In "Macroscope," the data yield from the network was far less than ideal, and far less than the data loggers. Someone wondered if it wouldn't be better for a static deployment to just run cables, given the unreliability of wireless communication, and given the need for scientists to miss as few sensor readings as possible. We discussed a few problems with wired connections, including deployment issues, and the weight of the cables being cumbersome for the tiny motes. Someone suggested that WSN could hopefully be deployed by a non technical person, just by switching the nodes on, and letting the network form itself, rather than have to worry about physically connecting things properly.

One point of discussion was in regards to the need for the radio network at all. "Macroscope" points out that they used data both from the on board flash data loggers, and from the network. However, had the logs been reset at deployment time, there would have not been any need for the network, so why bother? Could environmental monitoring be an application where long existing data loggers are more appropriate? Someone made the point that the network allows us to do time synchronization for sensor reading timestamps, without power hungry GPS. Additionally, the data from some applications, such as seismological event monitoring, may have real time value.

This motivated a more general discussion about the potential misuse of motes, where other platforms were more appropriate (not saying that this was the case with "Macroscope"). One impassioned individual argued that there may be a temptation to solve an interesting technical problem for motes, for an application where motes aren't the most practical solution. It may indeed be out of balance to stick a mote on an expensive, power hungry sensor.

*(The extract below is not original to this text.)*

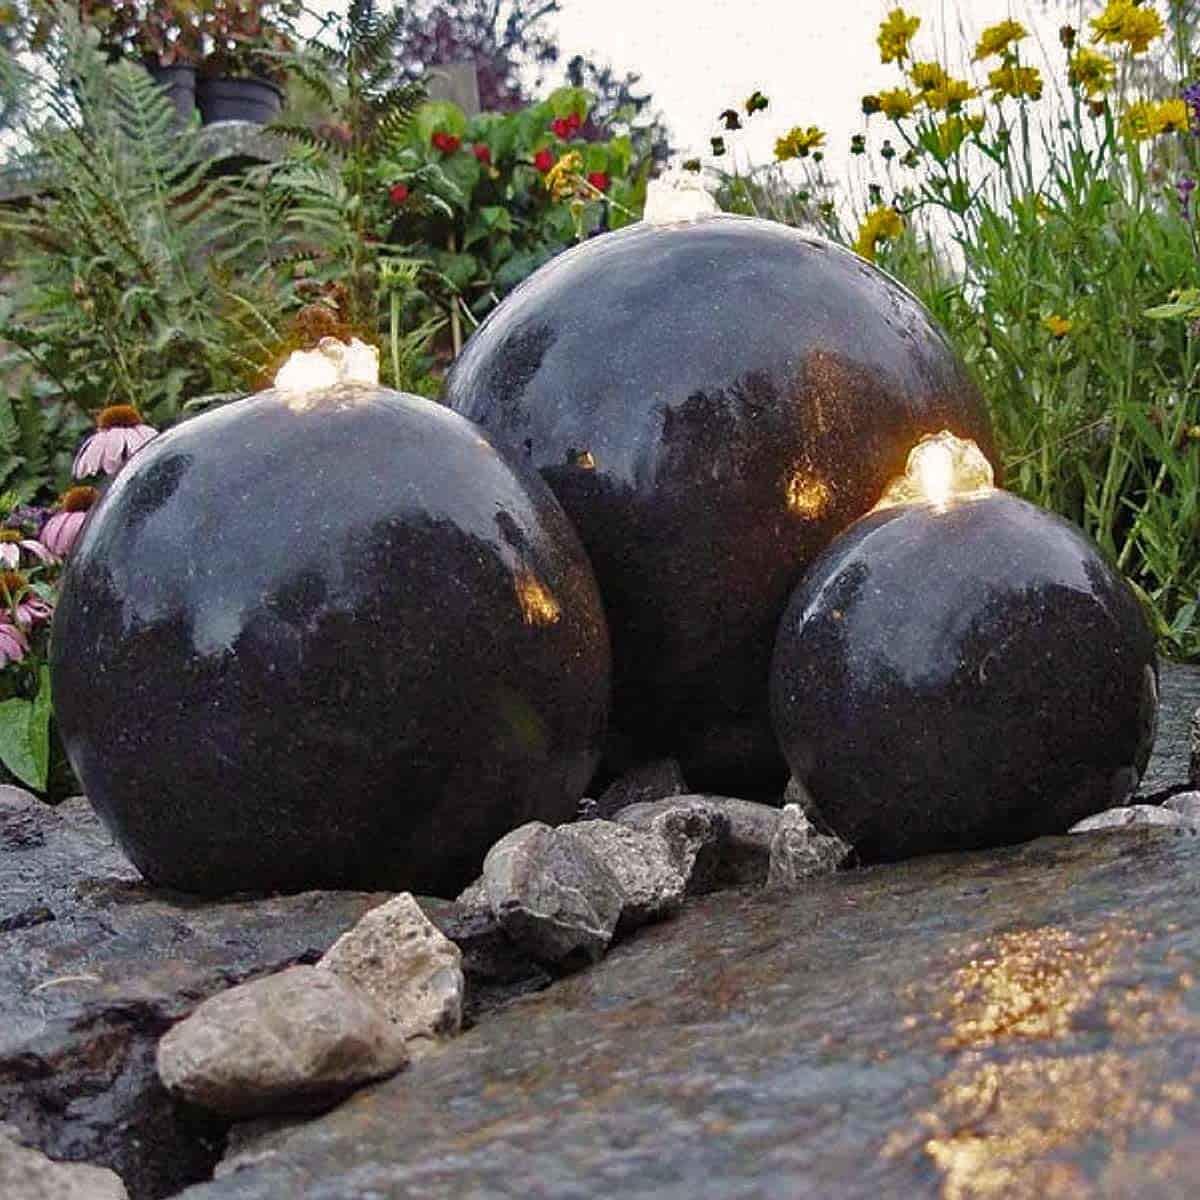 fontaine de jardin lumineuse 3 spheres

As the discussion segued to "Volcano," someone suggested that the success or failure of a particular WSN should be data oriented. Indeed, "Volcano" focused on how well a WSN could replace previously used systems for data collection, using data fidelity and yield as its metrics.

In one sense, this work was less successful than "Macroscope." Between software problems and power outages, the network was down for a significant portion of its deployment, making conclusions about performance potentially troublesome. Additionally, a bug in the time sync protocol made data analysis very difficult. Luckily, a sensor nearby to the deployment was used for "ground truth" to successfully recover as much data as possible. The paper stressed the many problems could occur in deployment which were not apparent in lab testing (such as high velocity rocks destroying an antenna).

One person said that this paper presented itself as "We deployed a broken system, and this is how we extracted useful lessons," rather than "Here's our volcano monitoring system, and here was the performance," as the latter presentation may not have been accepted into a top conference, due to the various problems encountered during deployment.

Someone, perhaps somewhat cynically, suggested that if the system had been used to monitor a forest, rather than a volcano, it would not have been accepted.

Throughout the discussion, we considered which of the papers today, if either, we might include in a cs263 hall of fame. Nobody seemed ready to make a strong commitment to either paper, nor did anybody suggest any of the other papers we read this semester. It seemed hard to directly compare the quality of the contributions of one paper with those of another, and even more so to say that one paper is better, by whatever metric, than most of the rest.